WINCHESTER — City Council voted unanimously Tuesday to accept nearly $2.5 million from the state’s Coronavirus Relief Fund (CRF).
The next step is figuring out how to spend the money.
The state fund was created as part of the federal Coronavirus Aid, Relief and Economic Security (CARES) Act of 2020, which provided $150 billion in assistance to state, local, territorial, and tribal governments to compensate localities for the financial impacts of the COVID-19 pandemic.
Virginia’s CRF totaled approximately $3.1 billion, based on its statewide population of 8,535,519 residents. That does not include approximately $200 million in CARES appropriations that went directly to Fairfax County since its population of 1,147,532 was large enough for it to receive direct funding from the federal government.
Winchester has a population of 28,078, earning it $2,449,697 of the state’s total CRF allocation.
During a special meeting of City Council on Tuesday, Winchester Chief Financial Officer Mary Blowe said the CRF proceeds will be awarded by the state in the form of a Community Development Block Grant administered by the Winchester Economic Development Authority, which will be advised by City Council on how to allocate the money.
Blowe said Winchester’s CRF share can only be used to cover pandemic-related expenditures not covered in the city’s operating budget between March 1 and Dec. 30.
According to the U.S. Treasury Department, CRF funds cannot be used to cover shortfalls in the city’s budget, but must instead be spent on pandemic-related necessities including COVID-19 testing costs, buying personal protective equipment, delivering food to people at risk of infection, covering expenses for distance learning and teleworking, sheltering homeless people and so on.
City Attorney Melisa Michelsen said it may be possible to use a portion of Winchester’s CRF money to create a grant for small businesses that have suffered due to the pandemic, or to set some of it aside for coronavirus-related expenses the city could incur later in the year.
Any CRF funding not spent by Dec. 30 must be returned to the state, Blowe said.

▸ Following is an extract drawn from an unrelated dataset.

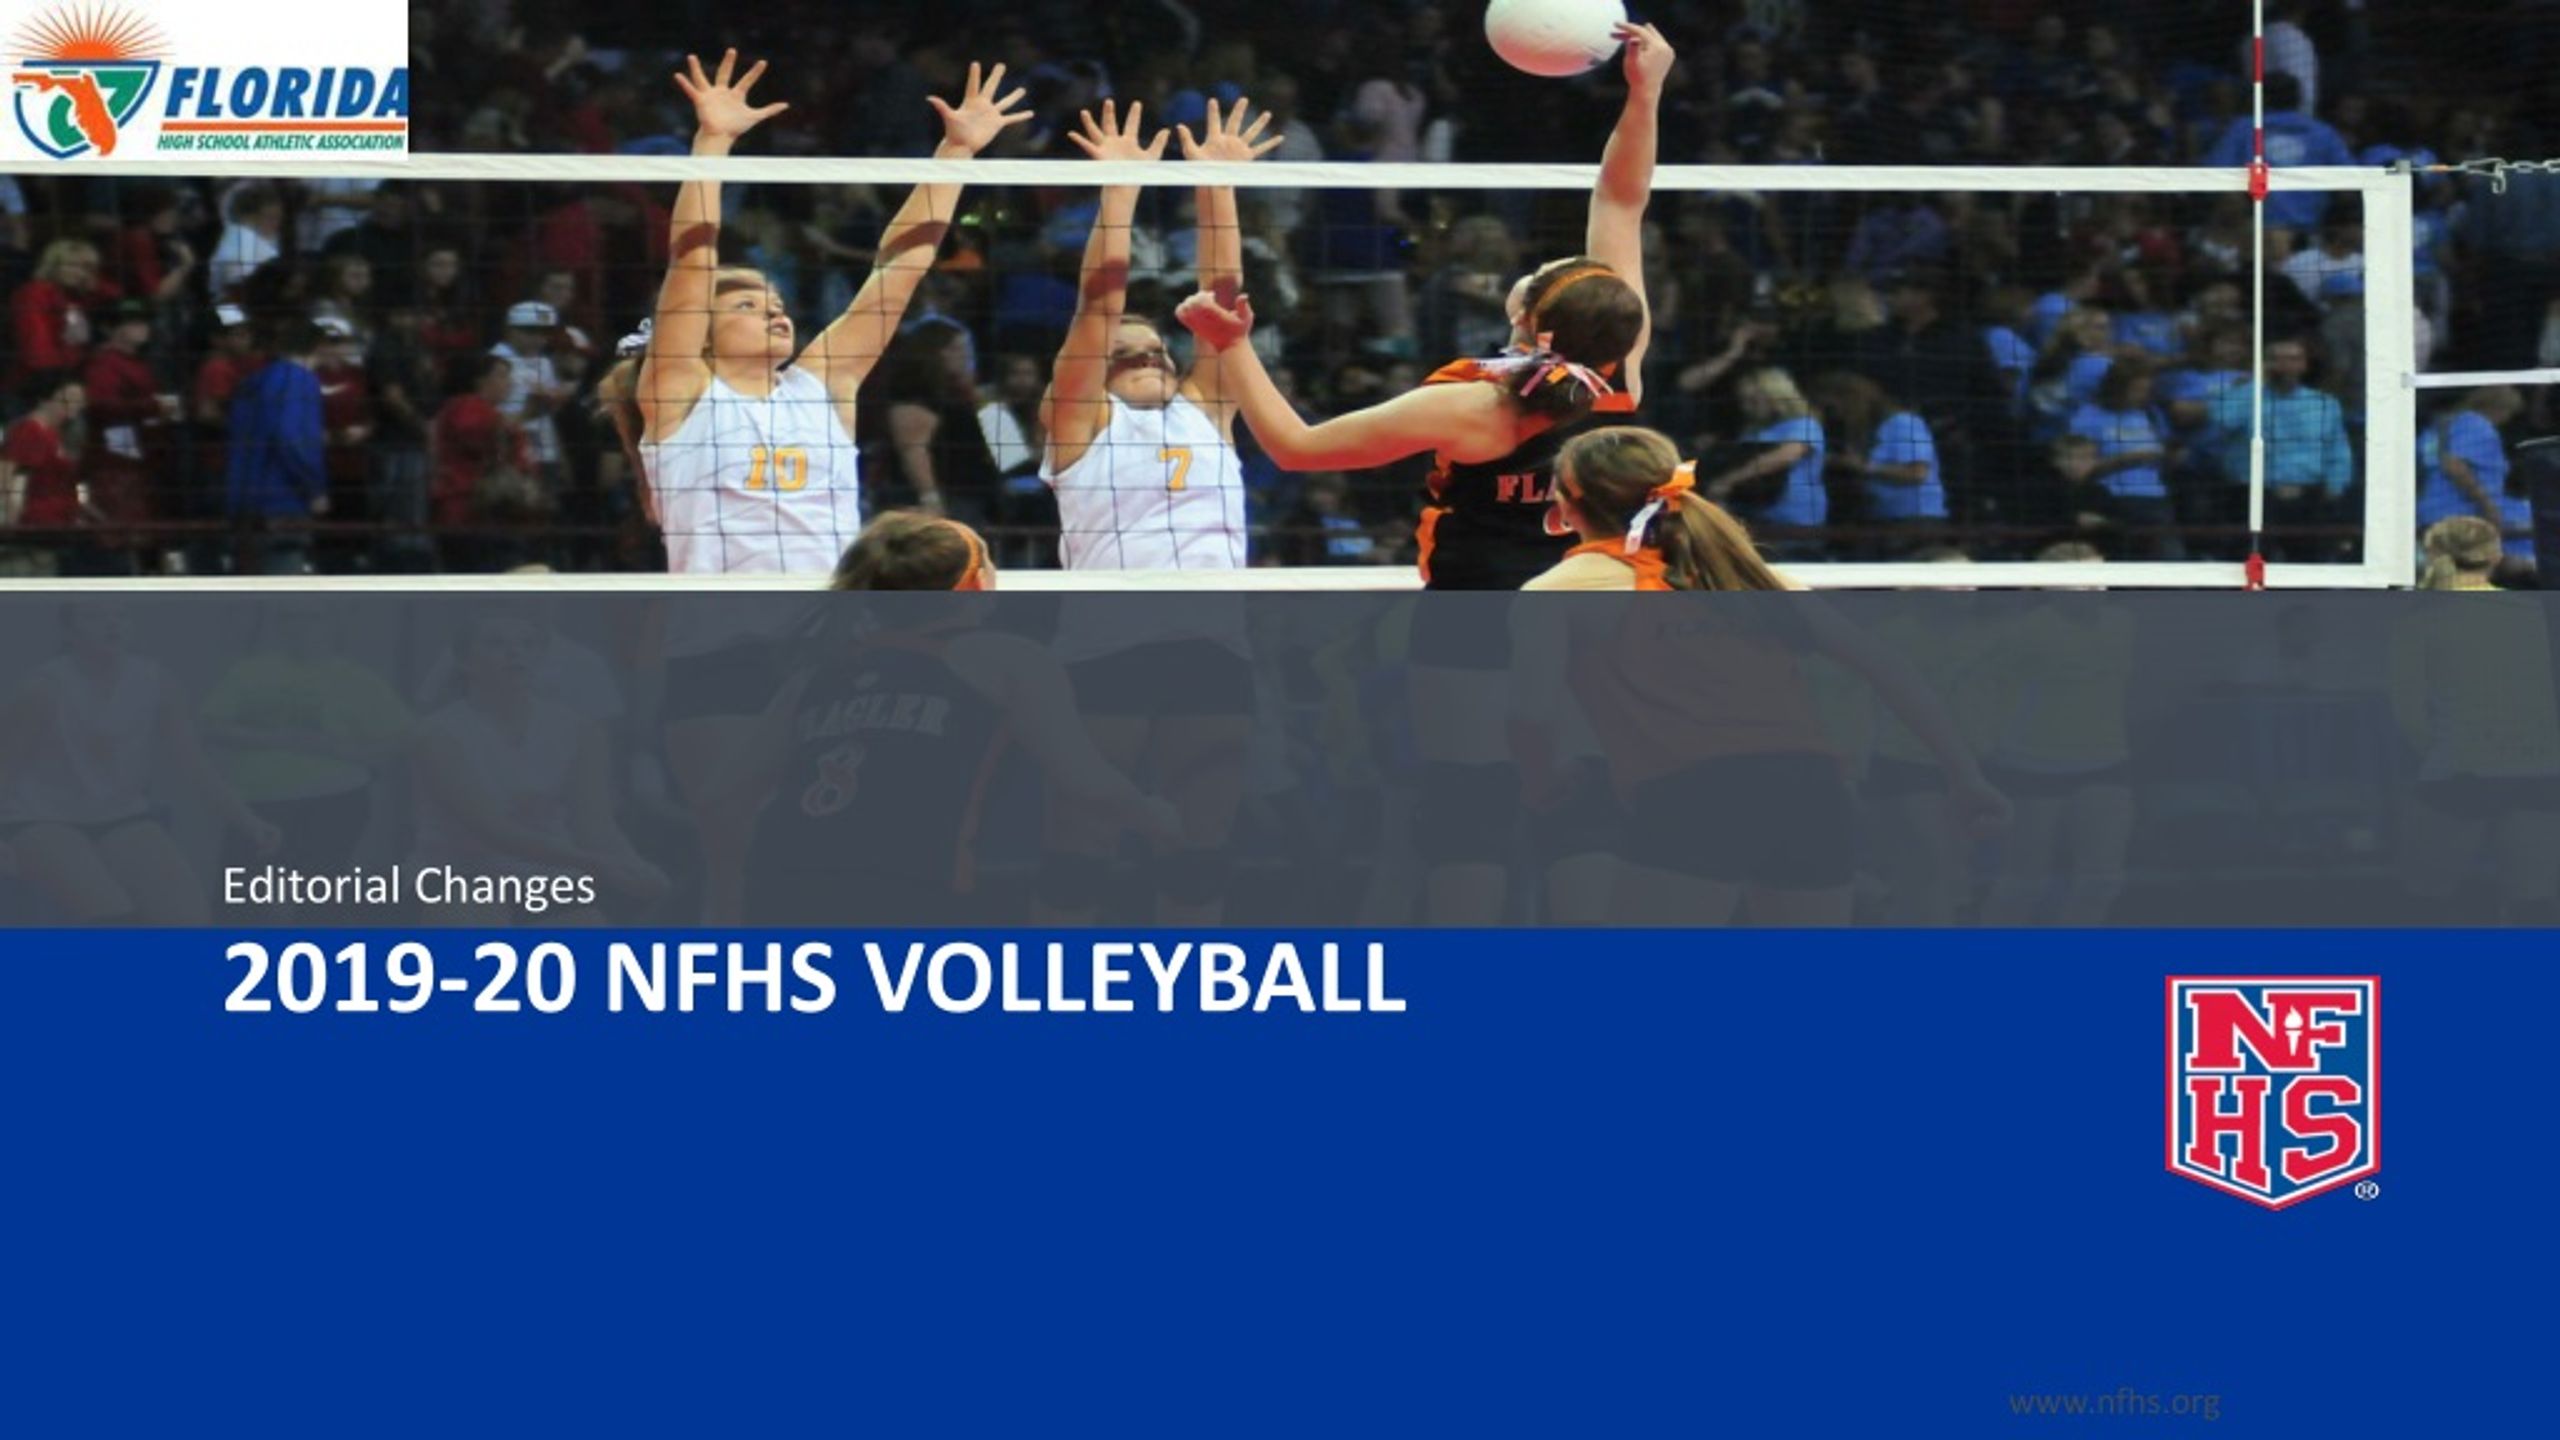 PPT 201920 FHSAA/NFHS VOLLEYBALL RULES POWERPOINT PowerPoint

Interim City Manager Mary Beth Price said she and city staff will now create a spending plan for the nearly $2.5 million.
“Over the next couple of weeks,” Winchester Mayor David Smith said, “we [City Council] can provide direction.”
Attending Tuesday night’s special meeting of City Council, which was held via videoconference, were Mayor and council President David Smith, Vice Mayor John Hill, council Vice President Evan Clark and councilors Kim Herbstritt, Corey Sullivan, John Willingham, Les Veach, Judy McKiernan and Bill Wiley.